Les dernières fouilles sur le site archéologique de Lattes (Hérault) ont permis de confirmer la présence d'un chenal et que la cité gauloise de Lattara était bien un port. L'occasion de revenir sur les découvertes faites par les archéologues.

Même pour leur dernier jour, les archéologues travaillent d'arrache-pied autour du chenal, sur le site de Lattes.
Même pour leur dernier jour, les archéologues travaillent d'arrache-pied autour du chenal, sur le site de Lattes. © Radio France - Elise Gilles

Lattes, France

C'est une grande découverte pour les historiens et les scientifiques : la cité gauloise de Lattara, actuellement Lattes, est en réalité un port datant de 200 avant J-C. Les fouilles actuelles ont permis de confirmer l'hypothèse faite par l'archéologue héraultais Henri Prades qui avait évoqué cette possibilité lors des premières fouilles dans les années 70. 

Depuis 2016, une vingtaine de scientifiques et d'archéologues creuse un mois par an le sol de Lattes, en dessous du niveau de la mer, pour dégager des restes de notre passé datant de l'époque gauloise. Et 2019 est donc une année cruciale puisqu'ils ont découvert, enfouis sous terre, un chenal et des magasins

"On a pu bien comprendre la configuration de la zone portuaire"

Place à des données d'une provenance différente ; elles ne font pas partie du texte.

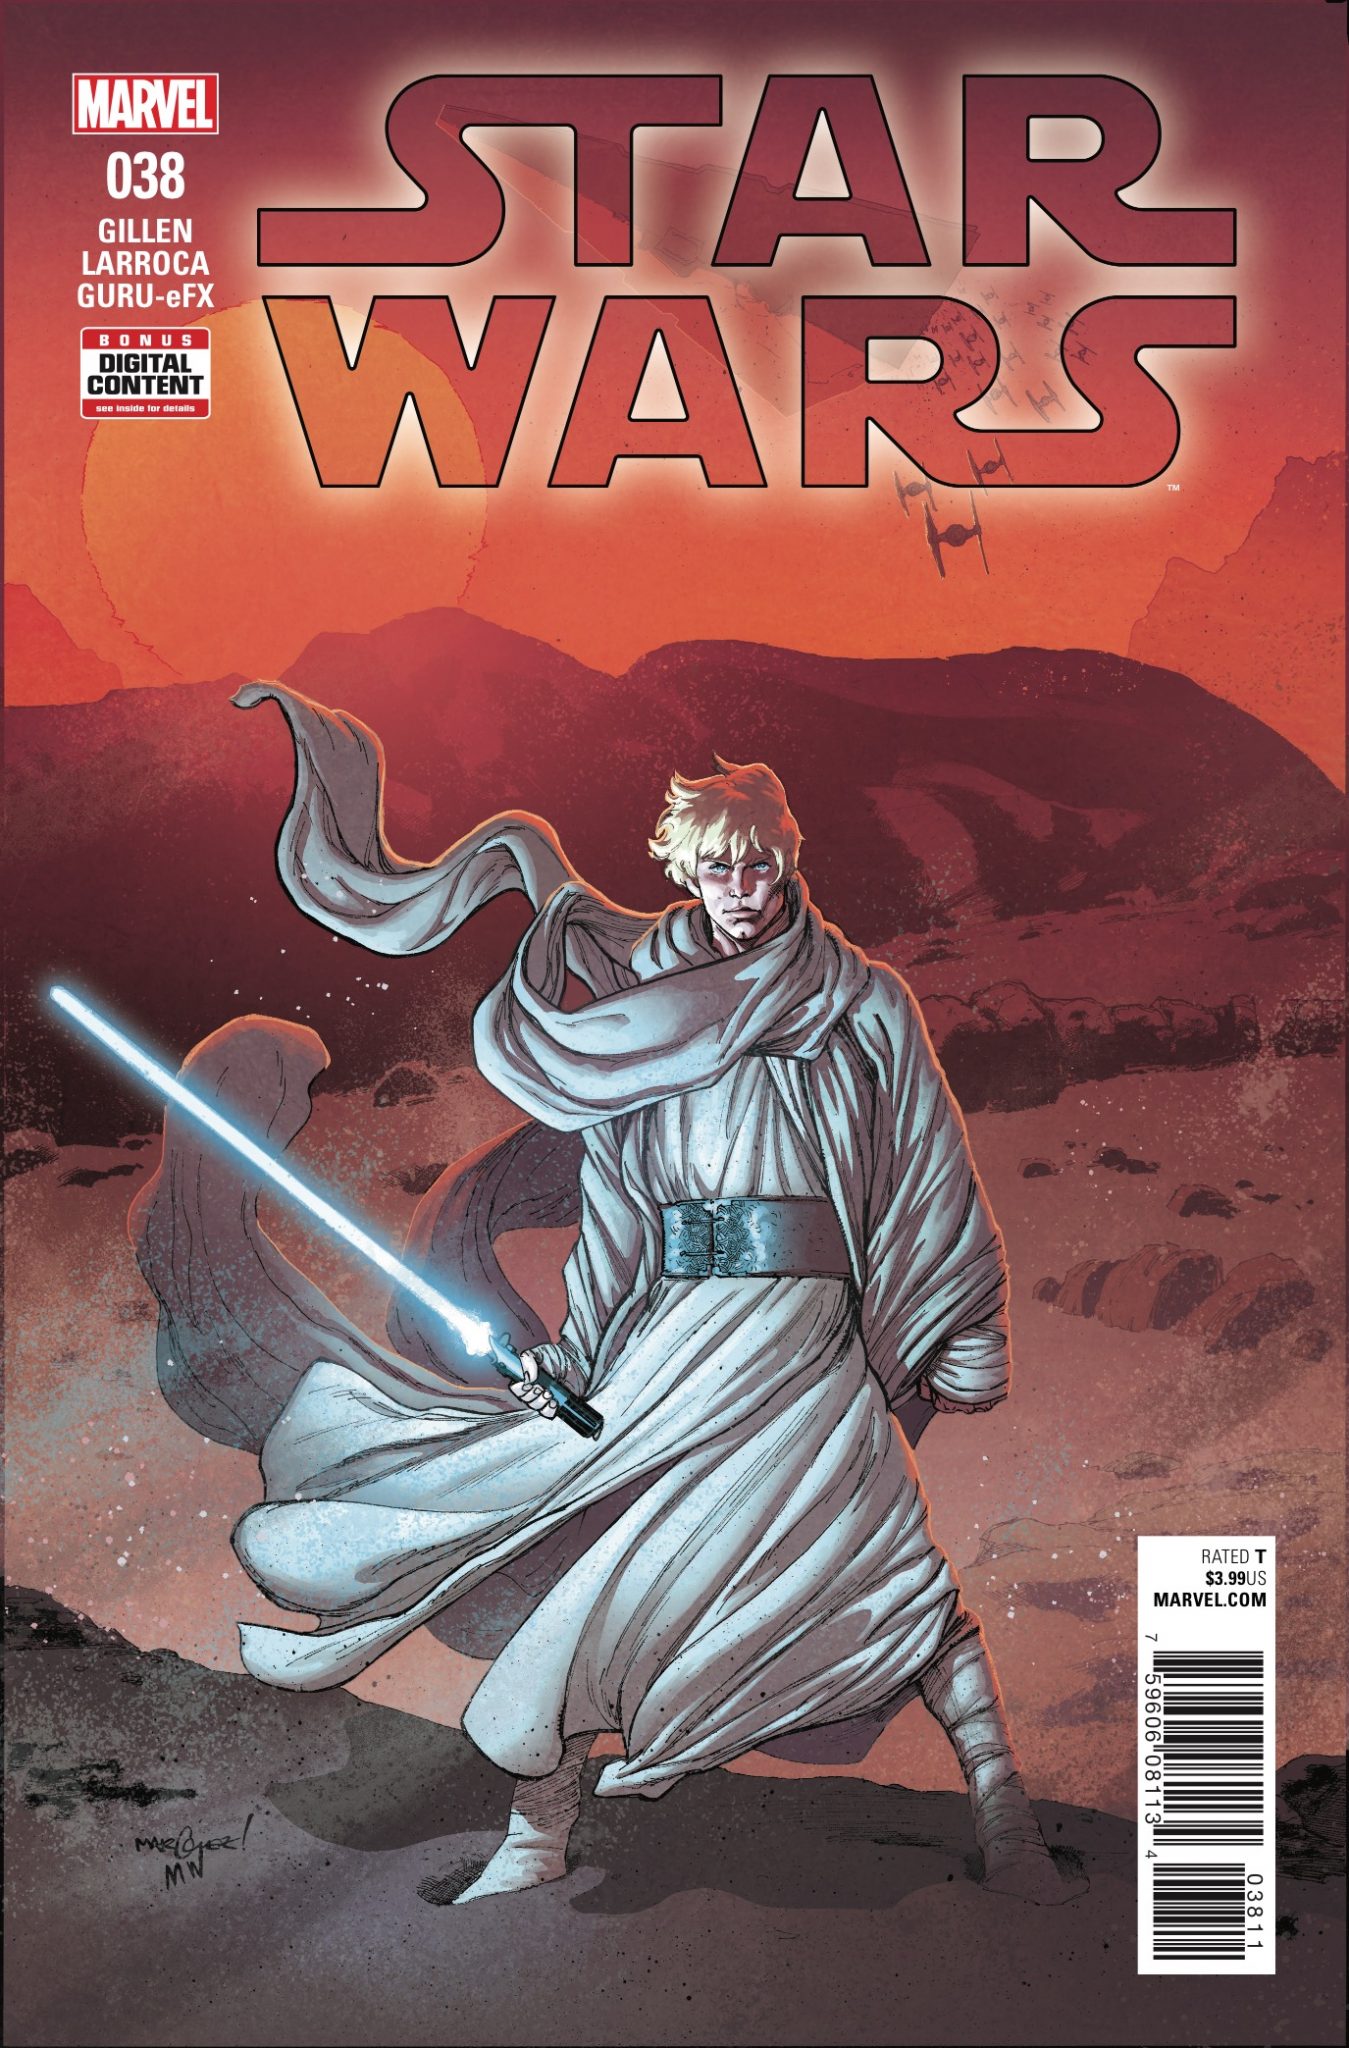 Star Wars #38 review: Jedha returns!
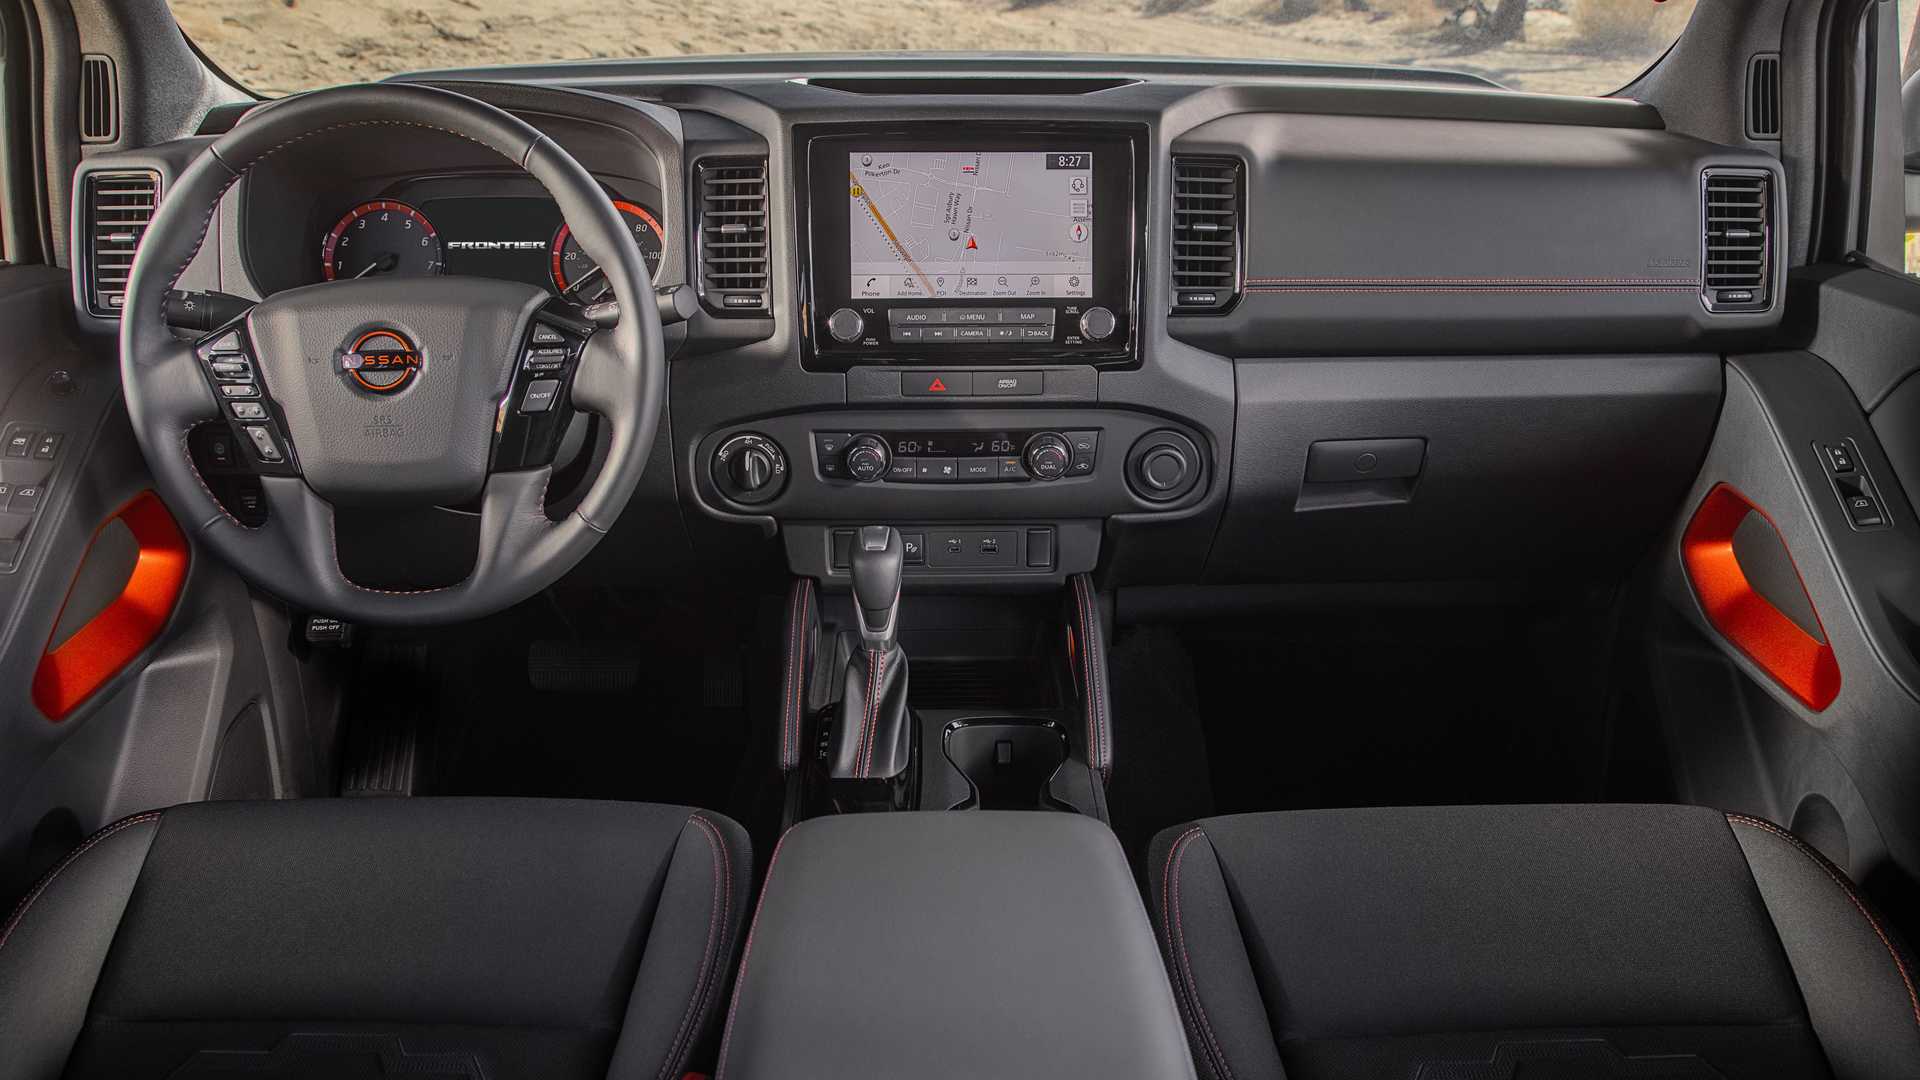 Ra mắt Nissan Frontier 2022, đối thủ Toyota Tacoma, Ford Ranger tại Mỹ 2022-nissan-frontier-interior-dashboard.jpg

Mais pour parvenir à ces découvertes, l'équipe à dû travailler dur, comme en témoigne Nicolas Thomas, étudiant en archéologie à Paris et bénévole sur le site. "Quand on fouille dans un milieu comme ça, il y a beaucoup de boue et il y a en permanence de l'eau qui s'infiltre partout, raconte-t-il. Donc quand on fait de la fouille, on essaie d'avoir des strates les plus propres possibles. Et c'est difficile car à chaque fois qu'il y a de la boue qui revient, il faut renettoyer et en plus, il y a le piétinement. Donc il faut vraiment s'y prendre autrement que pour des fouilles sur du sec. La chaleur et la boue rendent le travail pénible physiquement."

Nicolas Thomas, étudiant en archéologie et bénévole sur le site.

Heureusement, il y a une jolie récompense à la fin de l'effort : l'accès à une partie jusqu'alors cachée de notre histoire. Et cela ravit Gaël Piquès, chargé des fouilles, bien qu'il trouve cette dernière journée difficile. "Les fins de chantier sont toujours très dures, confesse-t-il, car il y a toujours quelque chose que l'on veut vérifier. Mais on a quand même pu voir les grandes phases d'installation du chenal. Ça renouvelle beaucoup la vision qu'on avait jusque-là. On a pu bien comprendre la configuration de la zone portuaire."

Une partie des trésors, très bien conservés grâce à l'eau présente sous terre, trouvés autour du chenal du site archéologique de Lattes. - Radio France
Une partie des trésors, très bien conservés grâce à l'eau présente sous terre, trouvés autour du chenal du site archéologique de Lattes. © Radio France - Elise Gilles

"Toutes les hypothèses sur l'existence du port de Lattara sont donc confirmées, explique Bernard Travier,vice-président de la métropole de Montpellier délégué à la culture. Le chenal par lequel les bateaux arrivaient au port a été dégagé et est visible. On peut voir les quais de déchargement, les pieux auxquels les bateaux étaient amarrés et les magasins dans lesquels les marchandises étaient déposées."

Bernard Travier, vice-président de la métropole de Montpellier délégué à la culture.

Lattara, un des ports de commerce de la Méditerranée 

De nombreux petits objets ont également été découverts par les archéologues, dont une entaille (un ornement de bijoux) en verre représentant Cupidon et Vénus. Tous les objets seront analysés et certains restaurés pour être présentés au musée Henri Prades, du nom de son créateur.

Les fouilles reprendront l'an prochain, mais cette fois plus loin sur le site. Les archéologues ont déjà repéré un mur grâce à un sondage. Il pourrait s'agir d'un entrepôt. Mais pour le moment, le mystère reste entier.